The certificates we have created for the Server and the Clients which will be authenticating to the server are all issued by the same PKI environment. To successfully validate any certificate, we will need a copy of the public keys for each server in this chain, which will be stored in Base64 format in the ca.pem(3) file.

Manually Creating the PEM File

Export all the certificates in the chain, for example Root CA and Issuing CA in turn as Base64.

Copy all the Certificates content into a file called /etc/freeradius/ca.pem, so that it looks similar to the following example - If you issue your certificates directly from your Root CA, then there will be only 1 certificate, or more typically you will have multiple issuers, implying you will have multiple to paste.

-----BEGIN CERTIFICATE-----
MIIGRDCCBCygAwIBAgITaQAAAASav/V29nA9rgAAAAAABDANBgkqhkiG9w0BAQsF
....
.... Root CA Base64 Content
....
gQtDSbTj5kKWLuyPEWT3VepWpJ0MRIceZ/UCpf9KCkR8y9hcMEd+1/vDlFD/AJxz
MvZ0K7TQqxqCJ5OiB3SfH91Bc1D7Yvwn
-----END CERTIFICATE-----
-----BEGIN CERTIFICATE-----
MIIGRDCCBCygAwIBAgITaQAAAASav/V29nA9rgAAAAAABDANBgkqhkiG9w0BAQsF
....
.... Issuing CA Base64 Content
....
MvZ0K7TQqxqCJ5OiB3SfH91Bc1D7Yvwn
-----END CERTIFICATE-----

Creating PEM from a PFX

If we have a PFX file containing the chain of certificates, we can use openssl to create the ca.pem file for us

openssl pkcs12 -in exported.pfx -cacerts -nokeys -chain -out ca.pem

DH Ciphers

For DH cipher suites to work, you have to run OpenSSL to create the DH file first:

openssl dhparam -out certs/dh 2048

EAP Module

We begin by creating a soft link for EAP module under /etc/freeradius/3.0/mods-enabled/

sudo ln -s /etc/freeradius/3.0/mods-available/eap /etc/freeradius/3.0/mods-enabled/

Then change group right of /etc/freeradius/3.0/mods-enabled/eap

sudo chgrp -h freerad /etc/freeradius/3.0/mods-available/eap
sudo chown -R freerad:freerad /etc/freeradius/3.0/mods-enabled/eap

Next configure the logic we need the server to follow.

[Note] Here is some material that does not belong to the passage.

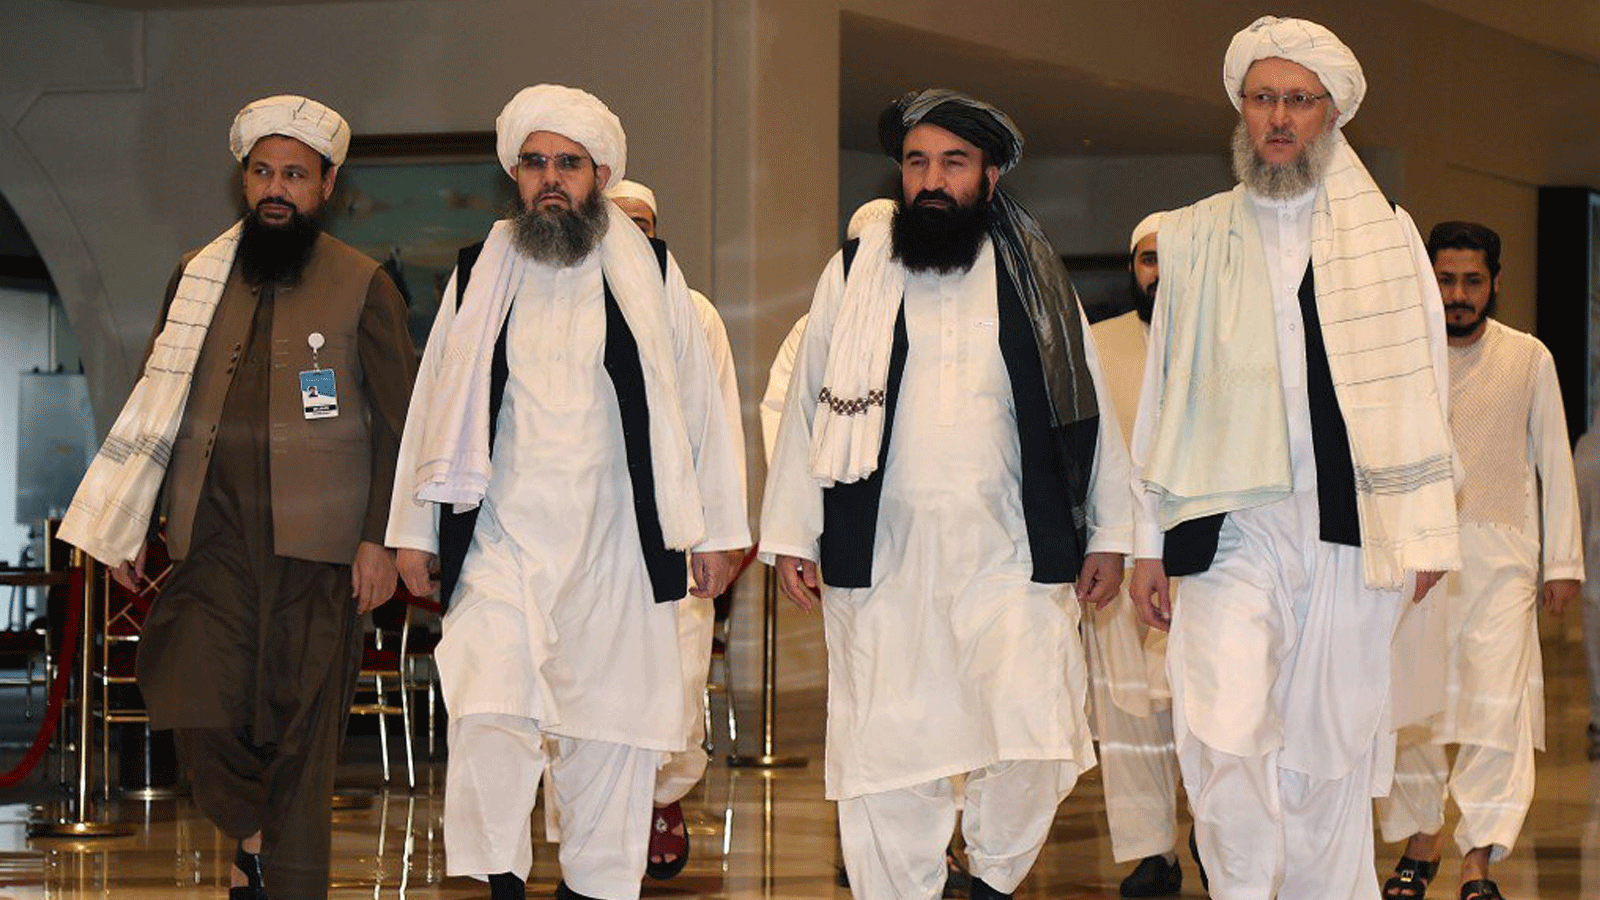 مفاوضو طالبان يسيرون في بهو الفندق خلال المحادثات في العاصمة القطرية الدوحة في 12 أغسطس 2021

We will edit the file for the module /etc/freeradius/mods-available/eap and set the content as follows

############################ /etc/freeradius/mods-available/eap

eap {
  default_eap_type = tls
  timer_expire = 60
  ignore_unknown_eap_types = no
  cisco_accounting_username_bug = no
  max_sessions = 4096

  tls {
    certdir = ${confdir}/certs
    cadir = ${confdir}/certs
    private_key_password = S3cur3!2021
    private_key_file = ${certdir}/server.key
    certificate_file = ${certdir}/server.pem
    ca_path = ${cadir}
    ca_file = ${cadir}/ca.pem
    dh_file = ${certdir}/dh
    random_file = /dev/urandom
    cipher_list = "HIGH"
    make_cert_command = "${certdir}/bootstrap"
    ecdh_curve = "prime256v1"
    tls_max_version = ""
    tls_min_version = "1.2"

    cache {
      enable = no # Optionally enable
      lifetime = 24 # hours
      max_entries = 255
    }

    verify {
      tmpdir = /var/log/freeradius/radiusd
      client = "/usr/bin/openssl verify -CAfile ${..ca_file} %{TLS-Client-Cert-Filename}"
    }

    ocsp {
      enable = no # optionally enable
      override_cert_url = no
      url = "http://aez-app-prd-scep.azurewebsites.net/ocsp/"
      softfail = yes
      timeout = 10
      use_nonce = no
    }

  }
}

Working folder for Verification

The EAP flow utilizes openssl to validate the clients certificate, in order to complete this, we need to store the certificate to the file system first, and ensure that the service has access to this folder

sudo mkdir /var/log/freeradius/radiusd
sudo chown freerad:freerad /var/log/freeradius/radiusd

Running in Debug mode

Our FreeRadius service is now ready to test, to make this process a lot easier, we can choose to start the service interactively in the console, and watch the debug logs.

systemctl stop freeradius
/usr/sbin.freeradius -x &

This is a great scenario to leverage tmux, which will allow you have multiple sessions, and keep the session open even after you disconnect, rendering it simple to return to at a later stage

With the service online, we can emulate a client connecting, and providing its client secret e.g. testing123

radtest client@ullensaker.kommune.no testing123 127.0.0.1 0 testing123 -x

When you are satisfied that all is good, we can restart in service mode

systemctl start freeradius

Now - Get a Certificate on your test client, and WiFi gateways configured to communicate with our Radius server; and TEST!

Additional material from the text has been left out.